Monday, September 21, 2015

The diets of animals

The roots of ecology rise from questions about trophy. Darwin, Elton, far back as you wish to trace ecological thought, trophic questions have been central in the discipline. One organism consuming another (or part of another) is critical for population regulation, community assembly, ecosystem-level transfers of energy and material, no less the evolution of species.

Ecologists have been watching organisms consume other organisms for a long time, but, curiously, we still know little about what organisms eat.

Part of the reason is that it is hard to quantify consumption. Visual observations are difficult to translate to data. I've watched bison graze grasslands at a distance of feet and even after 30 seconds couldn't come up with a list of what they just consumed. Worse is that most consumption happens out of view. Dissections or regurgitations are necessarily disruptive and identification is still difficult. Isotope analysis gives crude answers. Microhistological analysis of fecal material suffers from differential digestion and lack of specificity.

In short, food web diagrams are hard to generate.

The rise of next generation sequencing has opened new opportunities to quantify what animals eat with resolution that never existed before. Fecal samples from an animal can be sequenced to determine what plants, invertebrates, fungus, or vertebrates they have been eating.

Noah Fierer and I have been working on helping people understand what animals eat for a bit.

So far, we've sequenced fecal material from over 20 different species that range from bats to bison, from prairie chickens to whooping cranes, from moose to mule deer.

I've talked with each of the ecologists afterwards about their data and there is one commonality to all of these discussions: surprises. There are always items in the diet that the ecologists didn't expect. And not just rare diet items. Perceptions (mine included) were always a good ways off of what the animals consumed most. For example, bison were long considered to eat mostly grass. Not so. Their diet can be dominated by forbs and shrubs at certain times of year.

A good technique is only as valuable as the importance of the question that it helps you answer.

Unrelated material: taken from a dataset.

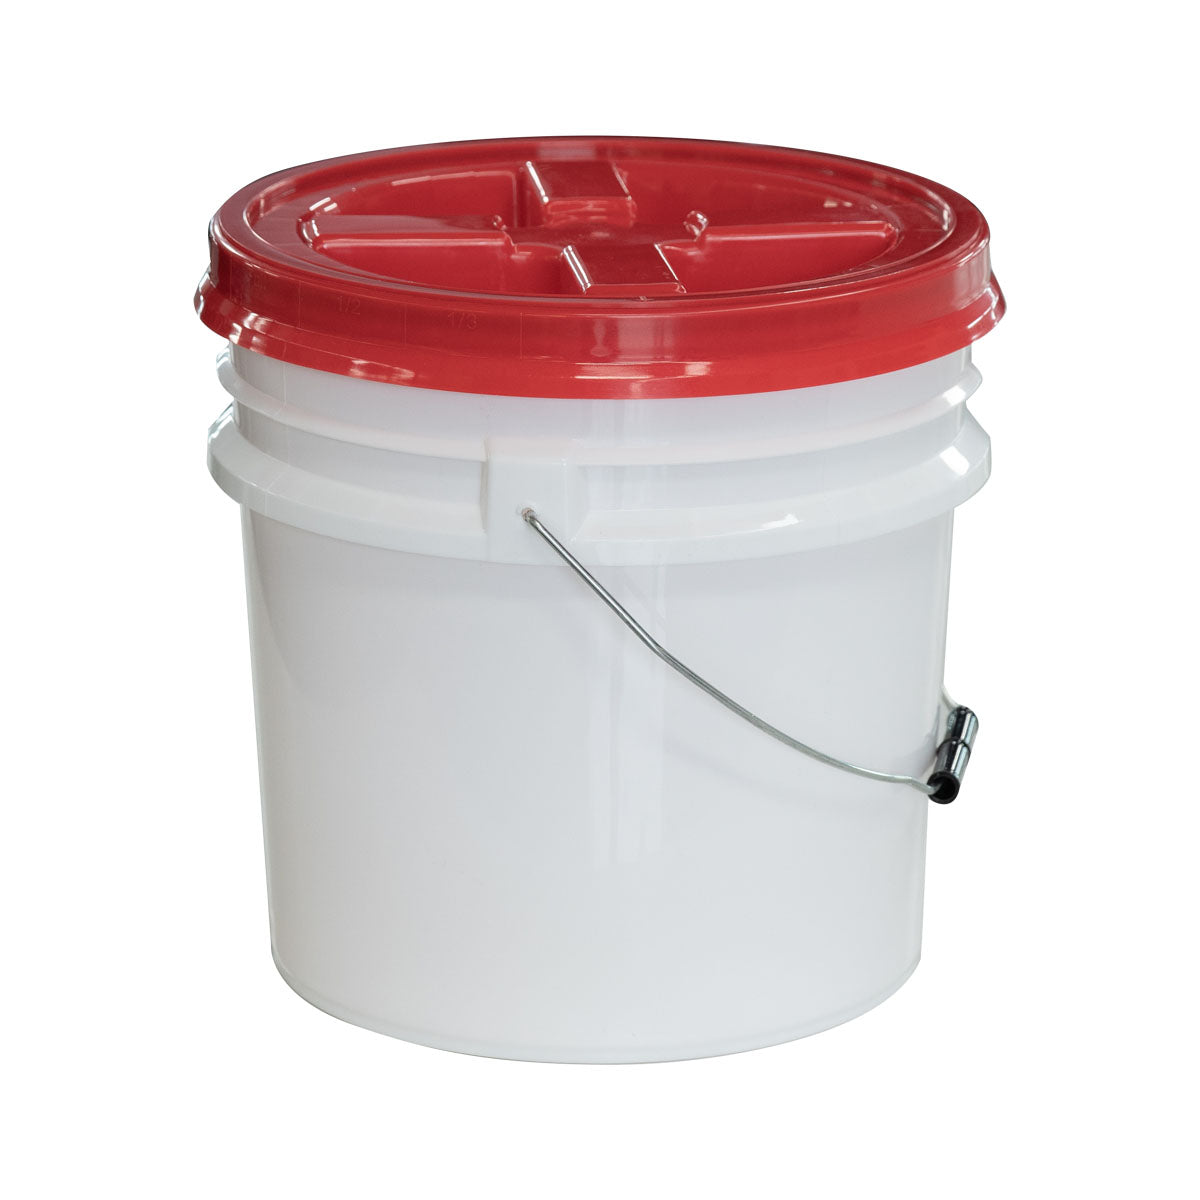 Car Wash Bucket With Gamma Seal Lid - Red 15L

Next generation sequencing of fecals is an amazing technique that will open up major insights into how populations are regulated, how communities assemble, and how energy and materials flow through the ecosystem. The technique will open up new insights into the coevolution of predator and prey.

A few bottlenecks still restrict advances.

1) We need better genetic barcode databases. There are still too many gaps for the technique to be commonplace. Many other people are working on this, but we need to sequence key barcodes for all collected taxa. When a sequence appears, we need to be able to compare it to the sequences from known taxa.

2) We need better species specificity. Give or take, current sequencing of diets can get down to ~genus level fairly well, but we need to develop different techniques like hierarchical sequencing to get us to the species level better.

3) We need to be able to quantify the diets of omnivores better. Currently, we can quantify the relative proportion of plants in diets. Or animals in diets. But, knowing the relative proportion of each is difficult. Over the course of a day, a bear (for example) could eat plants, fungi, insects, and vertebrates. But how much of each? Plus, DNA from the diet of prey is present in fecals, but we cannot necessarily tell whether the predator or prey ate a given taxa (or both).

There will always be more technique development necessary, but the biggest bottleneck is still utilization of the technique. Ecologists need to start using it. We're learning a great deal every time we use the technique.